Once upon a time, a girl newly relinquished from her undergraduate career started a blog in which she rambled about the piteous happenings of her small and empty existence. She had no career, no credit, no future, and very little hope of changing her situation, but goddammit she had a place to bitch about it. And because she had a modicum of humor and a rather wide lexicon, people read her writing. And she would write a lot and then not write at all for months, and then return here and there to comment passionately, albeit shallowly, about some little tidbit of her little world. And people would read it.And she’d think, “gee, why don’t I do this all the time?” But inevitably, she’d fall off the map again.

Well, the last time she fell off the map, it was because she was FINALLY GETTING HER FUCKING SHIT TOGETHER.

Yes, my friends. I, Pamela, have decided I do not wish to stay eternally condemned to a life in limbo and have gotten on with my life. I am no longer a nanny. I am no longer living with my parents hating every moment of my existence. I am no longer dating someone who I feel little to no real connection with. I am thrilled to report that I have–dare I even say it?–the beginnings of a LIFE.

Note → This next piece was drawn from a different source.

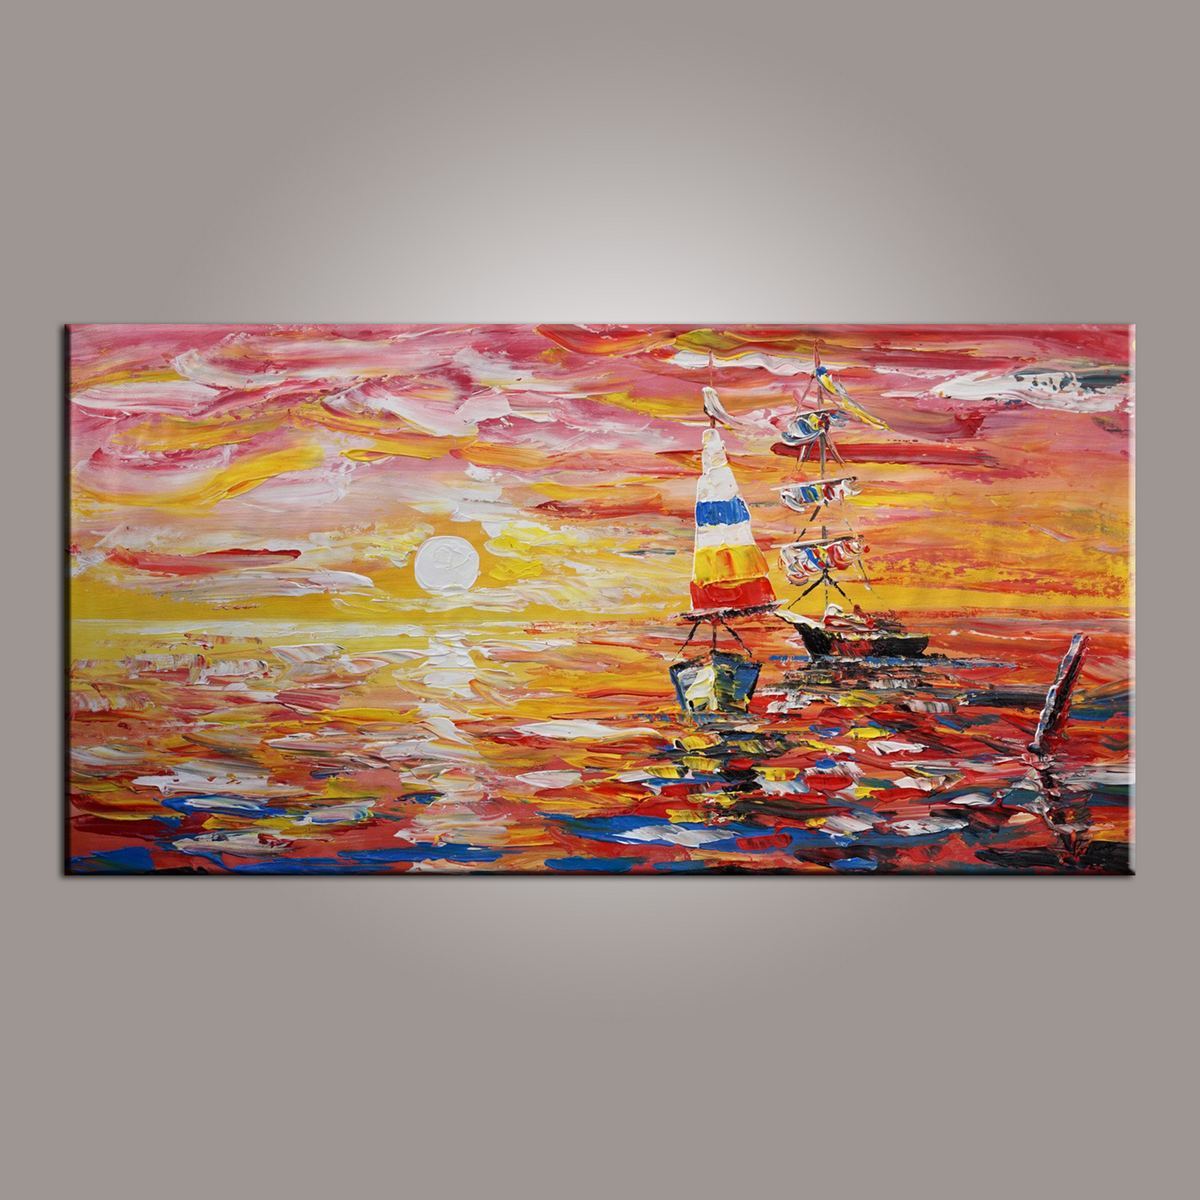 Contemporary Art, Boat Painting, Modern Art, Art Painting, Abstract Art, Living Room Wall Art, Canvas Art, Art for Sale-Silvia Home Craft

This week, I started law school. For the first time in nearly three years, I am feeding my mind, bettering myself, electing to live up to my potential. Good lord, does it feel good to have a purpose again! To get up early and gogogogogogogogogogogogo until late at night! To feel, at the end of the day, that I have earned a beer or some chocolate or–gasp!–some wonderful, glorious rest!

I feel alive again.

Praise EVERYTHING.

I’m not saying this isn’t limbo. I’m not saying I have everything figured out. Nor am I saying watch-out-world-because-Pamela-is-coming-for-you-and-she’s-got-her-ass-kicking-shoes-on. But I am saying, that things are changing.

Also, I’m done beating myself up for the last few years of aimlessness and depression and spending too much time watching the days pass; I’ve chosen to love myself enough to accept my later-than-I’d-hoped development. I think I needed those years of aimlessness to get me here. I think I was chronologically an adult but mentally still an adolescent. I think we all grow and change and evolve at our own pace, and, maybe, I just evolve in fits and starts, leaps and bounds, rather than gradually and steadily. One day, the sun set and I was afraid of everything and imprisoned by my own inertia, and when the sun rose the next day I was done being afraid and ready to build some momentum.

And now, here I am, gaining speed.

I just might one day get out of Limbo after all. What a feeling.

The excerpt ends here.